«Sono gli insegnanti i veri eroi del nostro tempo», dice Antonio Albanese. Che ha interpretato proprio un insegnante in Un mondo a parte di Riccardo Milani, uno dei film più interessanti di questa stagione.
Nel film, Albanese è un maestro elementare che, da Roma, va a insegnare in un paesino sperduto nell’Abruzzo, fra i lupi e le montagne. In una scuola che stanno per chiudere, perché non ci sono abbastanza studenti. La sua prima reazione è una faccia alla «ma dove sono capitato?». Poi, attimo dopo attimo, scoprirà la bellezza, l’umanità di quella gente.

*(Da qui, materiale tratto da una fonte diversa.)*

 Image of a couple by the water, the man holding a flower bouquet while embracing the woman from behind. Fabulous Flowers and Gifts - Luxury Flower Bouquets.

E l’importanza cruciale, essenziale, del suo lavoro. La sintonia con i suoi allievi, che porta in giro fra le montagne, a sentire il respiro del mondo. Con lui, una strepitosa Virginia Raffaele, vicepreside di questa scuola che se ne sta appesa a un filo, piccola fiammella che sta per spegnersi, in un paese che – senza scuola – è destinato a morire.
Antonio Albanese ama questi ruoli. Ama raccontare personaggi minimali, piccoli eroi nascosti. Come nel suo film Cento domeniche, in cui interpreta un uomo onesto, lavoratore, schiacciato da investimenti sbagliati, fatti su consiglio della sua banca. Due storie di provincia, due storie a cui Albanese dà la sua grandissima umanità.

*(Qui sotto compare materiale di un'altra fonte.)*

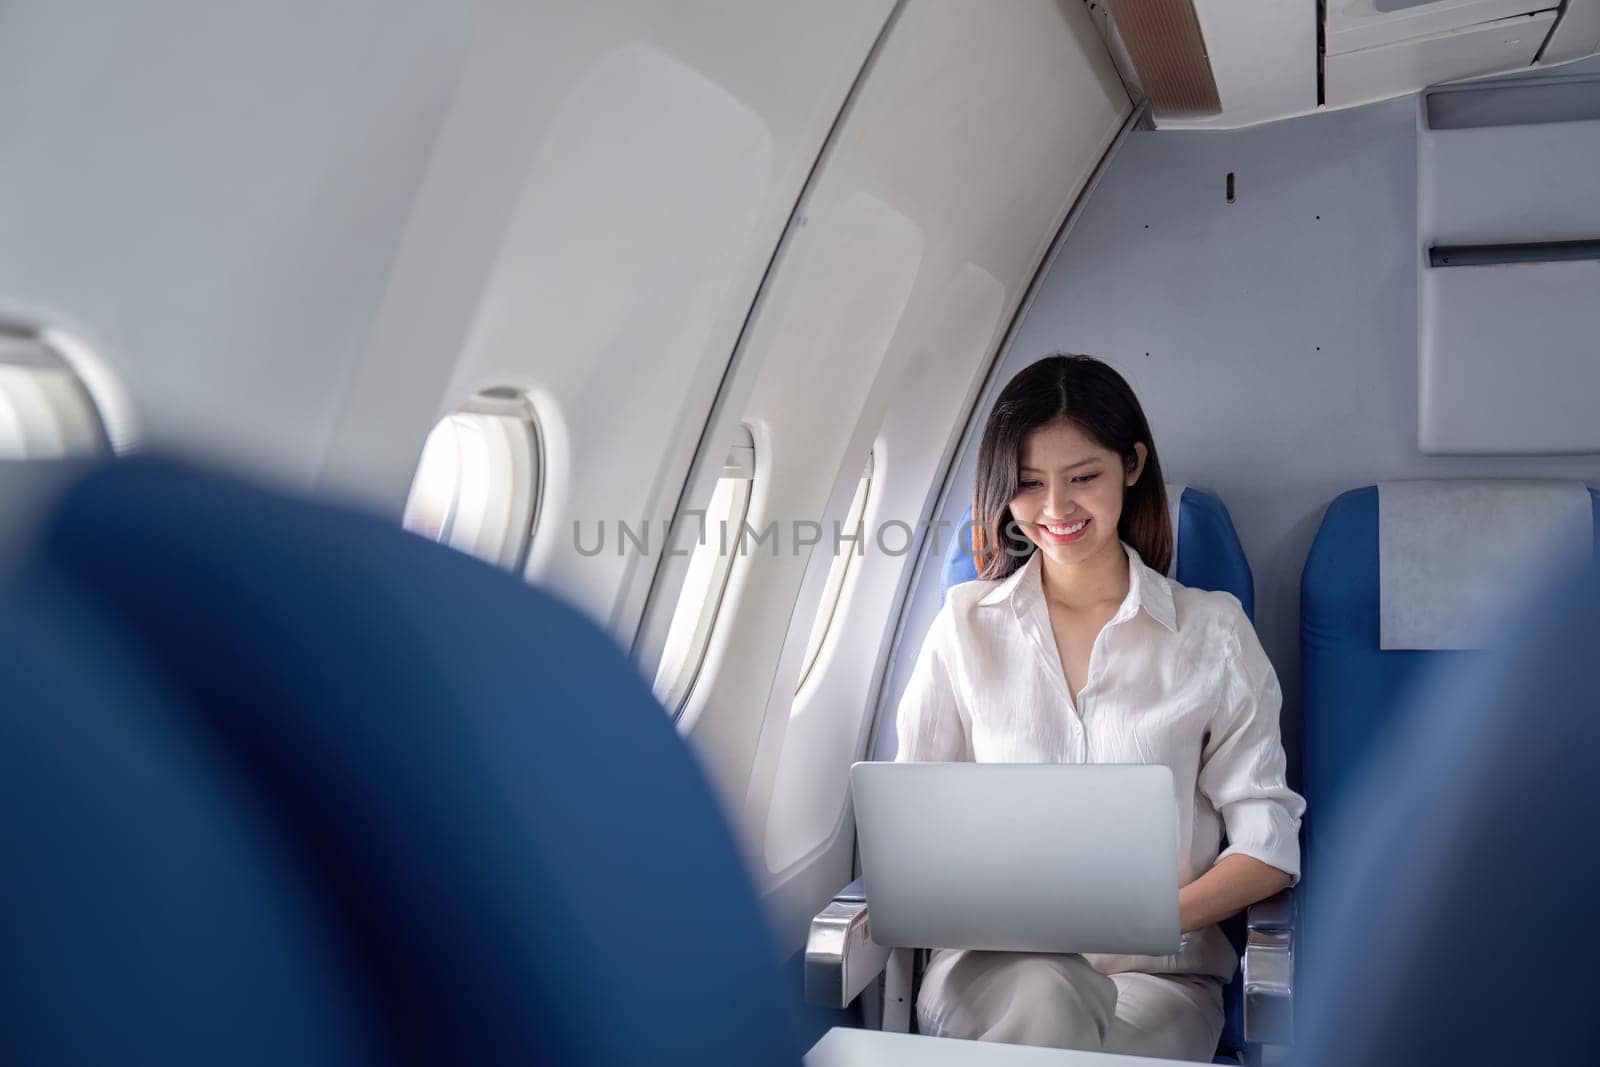 Professional businesswoman working on a laptop during airplane travel, showcasing modern corporate travel and connectivity.

Il film racconta di un maestro che non vuole andarsene, che impara piano piano ad amare i suoi allievi, figli dimenticati della storia. Che cosa ha apprezzato di questo personaggio?
Tutto. La storia, il pensiero di rendere omaggio a una categoria così negletta, così dimenticata, così umiliata come quella degli insegnanti, che invece sono la base, la spina dorsale del nostro Paese. Senza la scuola non c’è crescita, non c’è cultura, non c’è sviluppo. Non c’è progresso, non c’è speranza. E questo film lo spiega benissimo, senza voler fare prediche a nessuno. Chi dimentica la scuola compie un errore gravissimo.
Che studente era, Albanese?
La mia maestra a volte era disperata: diciamo che ero un bambino piuttosto vivace. Abitando fra il lago e il bosco, a Olginate (in provincia di Lecco, ndr), era molto facile per me sentire la tentazione di andare all’aria aperta. Mi ricordo bene però una cosa: questa maestra, come tutti i maestri di allora, aveva una credibilità, un’autorità oggi troppo spesso perduta. Ho letto, poco tempo fa, del papà di un bambino che ha pestato a sangue un insegnante. E non è un caso isolato. Tira un’aria molto poco rassicurante.
Avete incontrato dei maestri, per prepararvi al film?
Sì, molti. E molti di loro erano stupiti che finalmente si parlasse di loro. Si sentono dimenticati, e lo sono.
Che cosa ha pensato di questo mestiere?
Guardi, io ho lavorato in fabbrica, prima di fare l’attore. Pensavo che fosse un lavoro duro: ma avere a che fare con i bambini è ancora più pesante! Un giorno ho incontrato una ventina di scolari: dopo un’ora ero stremato!
È un mestiere pesante…
Ho capito che quello dell’insegnante è un lavoro meraviglioso e pesantissimo. E non finisce quando è finita l’ora in classe. Devi prepararti, studiare, farti venire delle idee, conoscere i bambini uno ad uno, conoscere le loro famiglie, i loro problemi. Il tutto per uno stipendio modesto. Spesso, con la complicazione di dover andare a insegnare in posti lontani, facendo chilometri da casa a scuola. Tutti i giorni, col sole, con la pioggia, con la nebbia. Ho capito che ci vuole un’immensa passione per farlo. Ancora di più, in una società che i maestri li comprende e li apprezza sempre di meno.